ECLI:NL:RBOBR:2023:807

Rechtbank Oost-Brabant

Datum uitspraak
24 februari 2023
Publicatiedatum
28 februari 2023
Zaaknummer
21/1731
Instantie
Rechtbank Oost-Brabant
Type
Uitspraak
Procedures
  • Eerste aanleg - enkelvoudig
Vindplaatsen
  • Rechtspraak.nl
AI samenvatting door LexboostAutomatisch gegenereerd

Beëindiging loonaanvullingsuitkering WGA wegens arbeidsongeschiktheid van eiseres

In deze zaak heeft de Rechtbank Oost-Brabant op 24 februari 2023 uitspraak gedaan in het geschil tussen eiseres, vertegenwoordigd door haar gemachtigde mr. M. Kocuroǧlu, en de Raad van bestuur van het Uitvoeringsinstituut Werknemersverzekeringen (UWV), vertegenwoordigd door mr. A.P.J. Mijs. Eiseres had een loonaanvullingsuitkering op grond van de Wet werk en inkomen naar arbeidsvermogen (Wet WIA), die door het UWV per 20 januari 2021 werd beëindigd omdat zij minder dan 35% arbeidsongeschikt zou zijn. Eiseres was het niet eens met deze beslissing en heeft beroep ingesteld. De rechtbank heeft de zaak op 26 januari 2023 behandeld via een beeldverbinding.

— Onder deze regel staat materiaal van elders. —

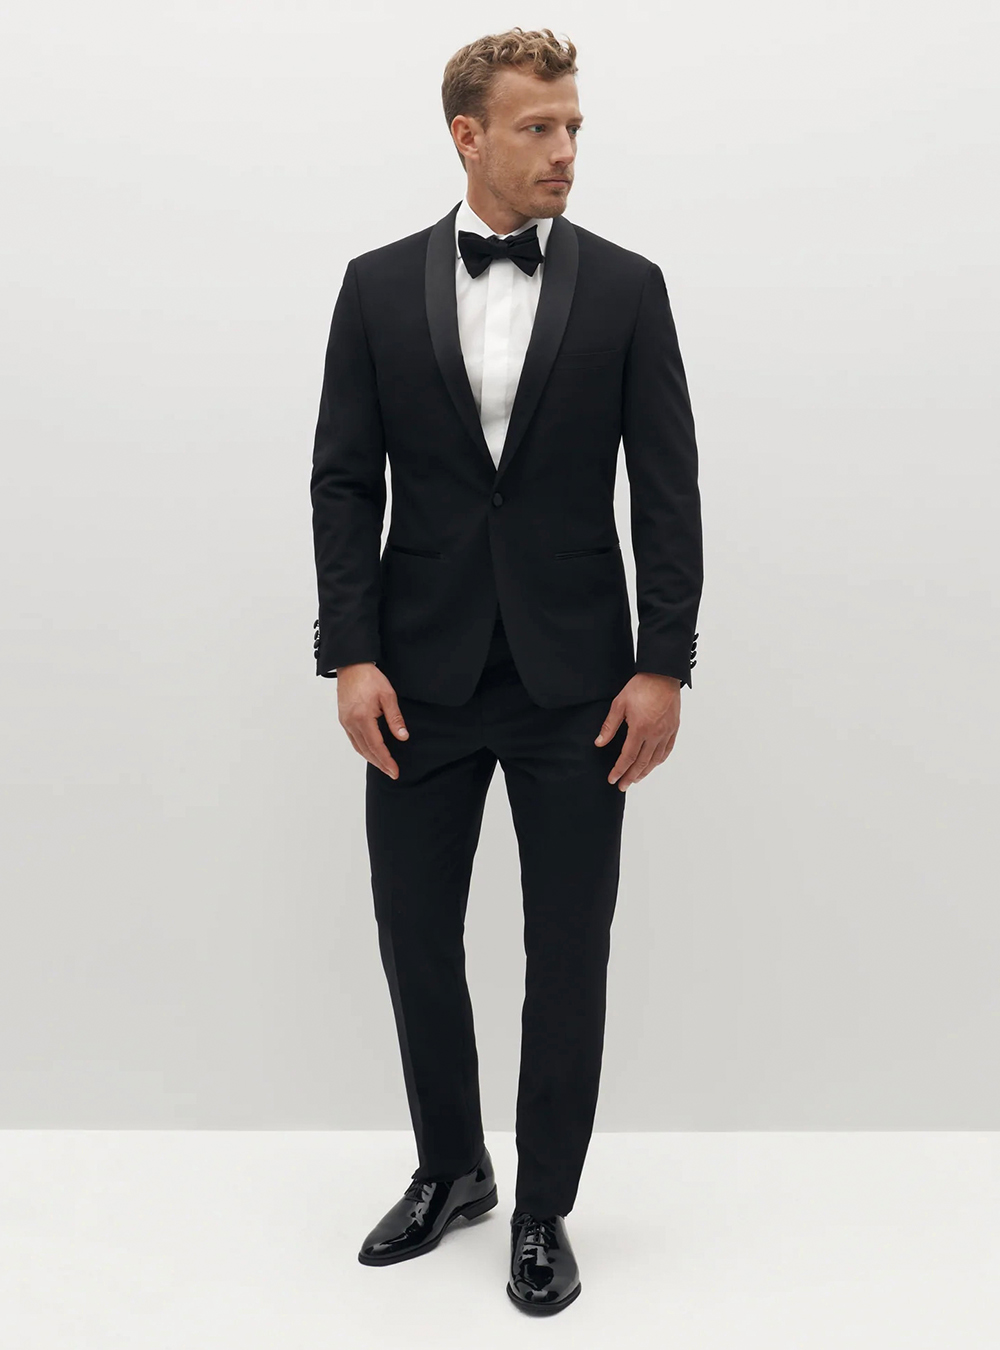 Black tuxedo, white shirt, and black patent leather wholecut Oxfords

De rechtbank heeft vastgesteld dat het UWV de arbeidsongeschiktheid van eiseres op 0,00% heeft beoordeeld op basis van medische rapporten van verzekeringsartsen. Eiseres voerde aan dat haar psychische en fysieke klachten onvoldoende waren onderkend en dat de beslissing onzorgvuldig tot stand was gekomen. De rechtbank oordeelde dat het UWV terecht had besloten dat eiseres per 20 januari 2021 voor 0,00% arbeidsongeschikt was, en dat de rapporten van de verzekeringsartsen zorgvuldig waren opgesteld en aan de vereisten voldeden.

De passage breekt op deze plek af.